Öyle bir yöntem ki, hem de ayaklarına kadar gelmiştir.
“Bedelli”ye bastırıp parayı, vatani görevlerini yerine getirmiş sayılırlar.


Bu güne kadar “bedelli askerlik fırsatı”ndan faydalanan bir gariban var mı?
Yok çünkü onlar hayatlarını askerlik görevine göre dizayn ederler.

Bunu kim neyle açıklarsa açıklasın, umurumda değil, şu bir gerçektir:
“Anadolu’da vatani görevini yapmamış erkeğe erkek demezler.”

Ülkenin elit tabakası için bu böyle olmayabilir ama Anadolu’da bu böyledir.

Yaşı geldi mi, doğru Peygamber Ocağı’na koşar erkek evlat.
Evlenmeye yeltendi mi “önce askerliğini yap gel” cevabını alır.
“Asker yolu beklerim” ile başlayan türkü de buradan gelir.

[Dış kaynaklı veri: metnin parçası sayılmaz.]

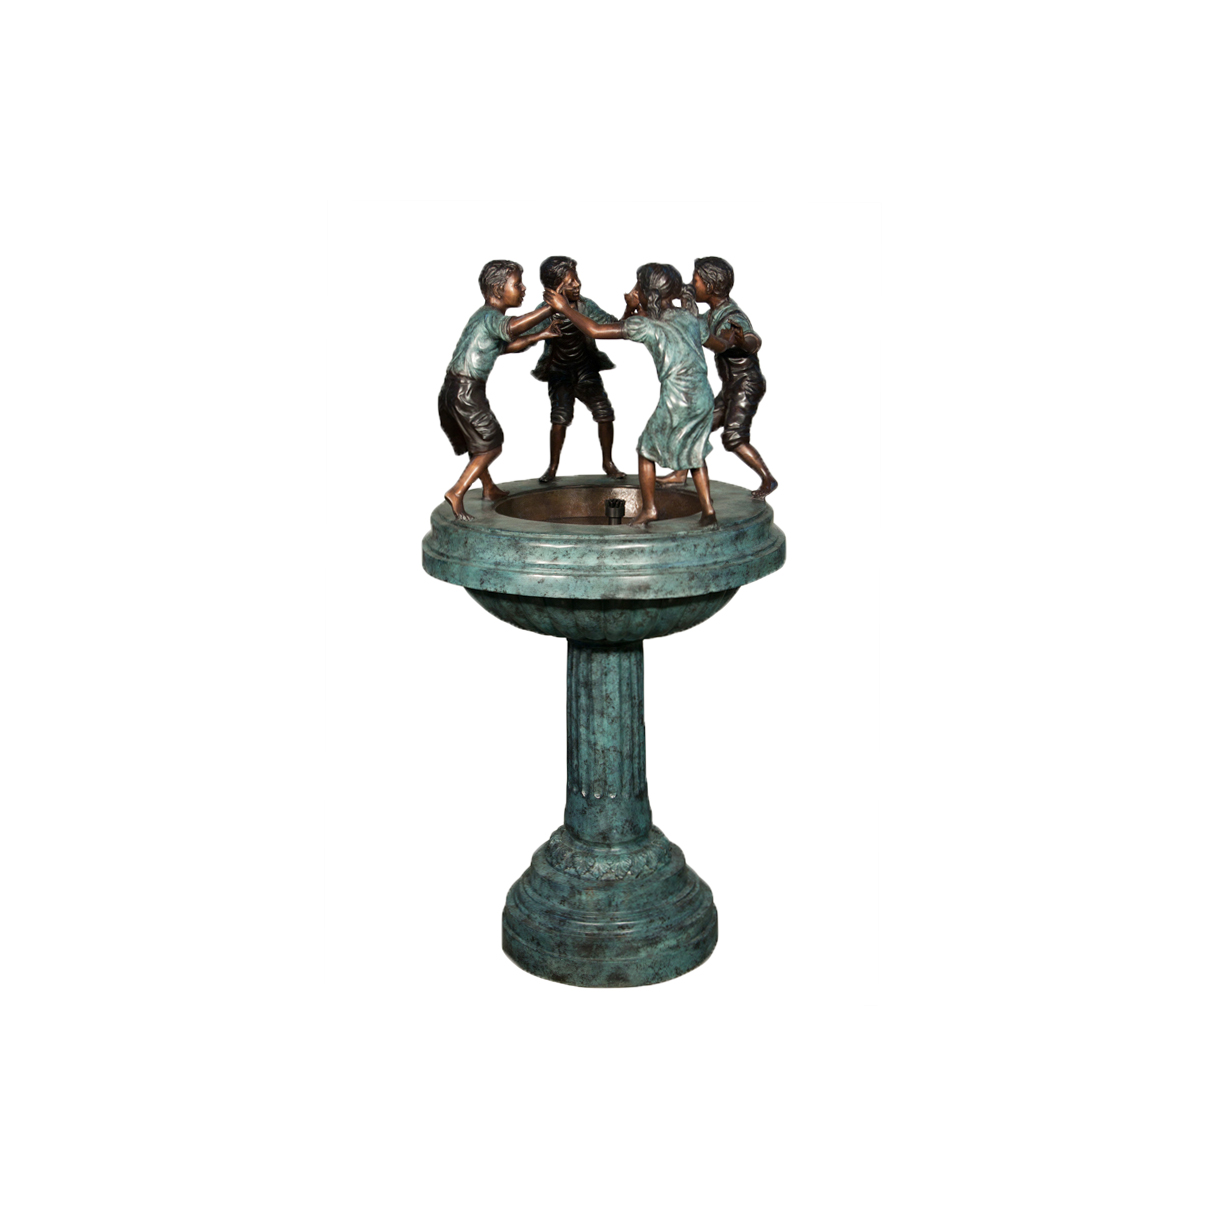 Bronze ‘Ring around the Rosie’ Fountain Sculpture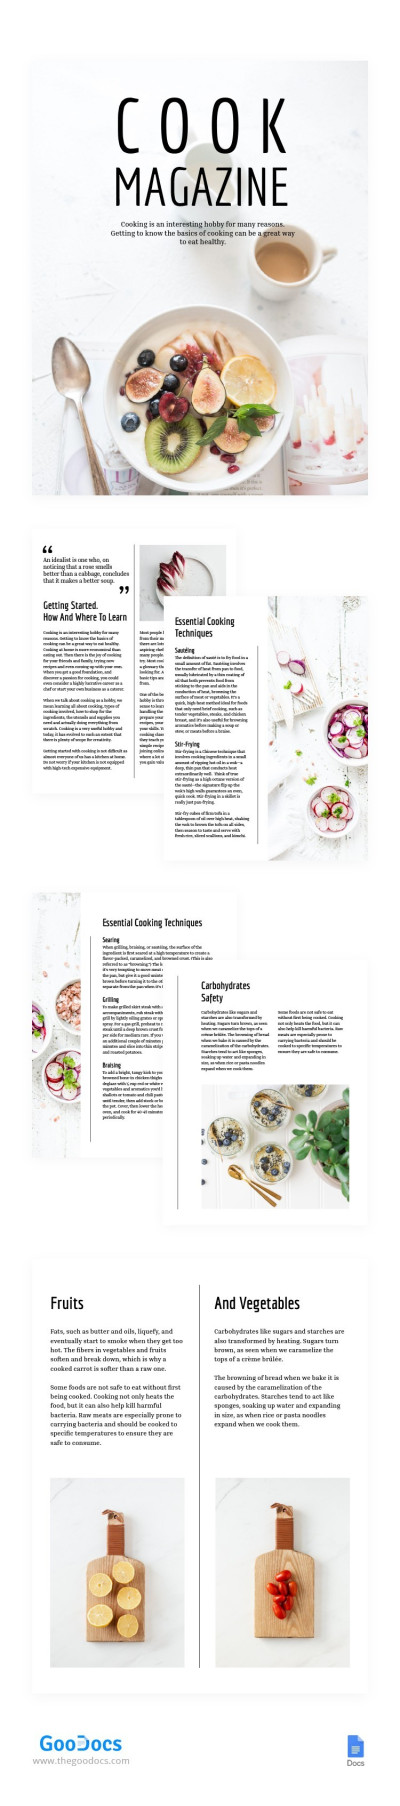 Minimalistic White Cook Magazine Template

Şu türkümüzde de bu gerçekleri görürüz:
“Yemen yolu çukurdandır
Karavanam bakırdandır
Zenginimiz bedel öder
Askerimiz fakirdendir.”

Özetle, ağırlıklı olarak ülkenin kaymak tabakasının çocuklarının faydalanacağı bir fırsattır “bedelli”.
Gariban halk için “bedelli” son derece üzücü ve de itici bir “fırsattır”.

Zaten “şehitlerin hep gariban ailelerin çocukları olduğu” algısı var halk arasında.
Üstüne bir de “bedelli” bindirildi mi, bu gariban halkın psikolojisini düşünün bir.
Siyasiler için riski burada yatıyor.

Ve böyle bir günde…
Terör örgütünün tarihinin en büyük eylemlerini gerçekleştirdiği; toplu şehitler verildiği; KCK operasyonlarının sürdüğü bir yıl içinde “bedelli askerlik” çıkarmak, siyasiler için olan riski katlıyor.

Düşünün:
Bir tarafta, Türk parası ile ne kadar ediyorsa artık 10 bin Avro’yu bastırıp 21 günle askerlik görevini yerine getirmiş sayılarak, terör kurşunu yeme ihtimalini sıfırlayanlar…
Diğer tarafta gariban Mehmedin şehit düşme ihtimaliyle 15 ay vatan için nöbet tutması…
Bir canın bedeli 10 bin Avro gibi bir sonuç doğuruyor bu!
Kamu vicdanını yaralar bu beyler.
 
Hele ki bunu AK Parti yapıyorsa…
AK Parti tabanını önemli ölçüde ülkenin gelir seviyesi en düşük kesimleri oluşturuyor.
Merak ediyorum, AK Parti’ye oy vermiş kaç kişi yararlanacak bu bedelliden?
İstismarı da çok olur “bedelli”nin.
Her şehit haberinde ister istemez dile dolanır “bedelli” konusu.
“10 bin Avro’su olsaydı”yla başlayan cümleleri düşünün bir.
Altından kalkmak ne mümkün?..

 Diyeceğim o ki, AK Parti iktidarı “bedelli” konusunu bir daha düşünmeli.
Bu riskleri tekrar tekrar gözden geçirmeli.

 “Bedelli organizatörleri”
ne değil, gariban halk ne diyor, tabanı ne diyor ona bakmalı.

 Aksi takdirde ağır olur “bedelli”nin bedeli.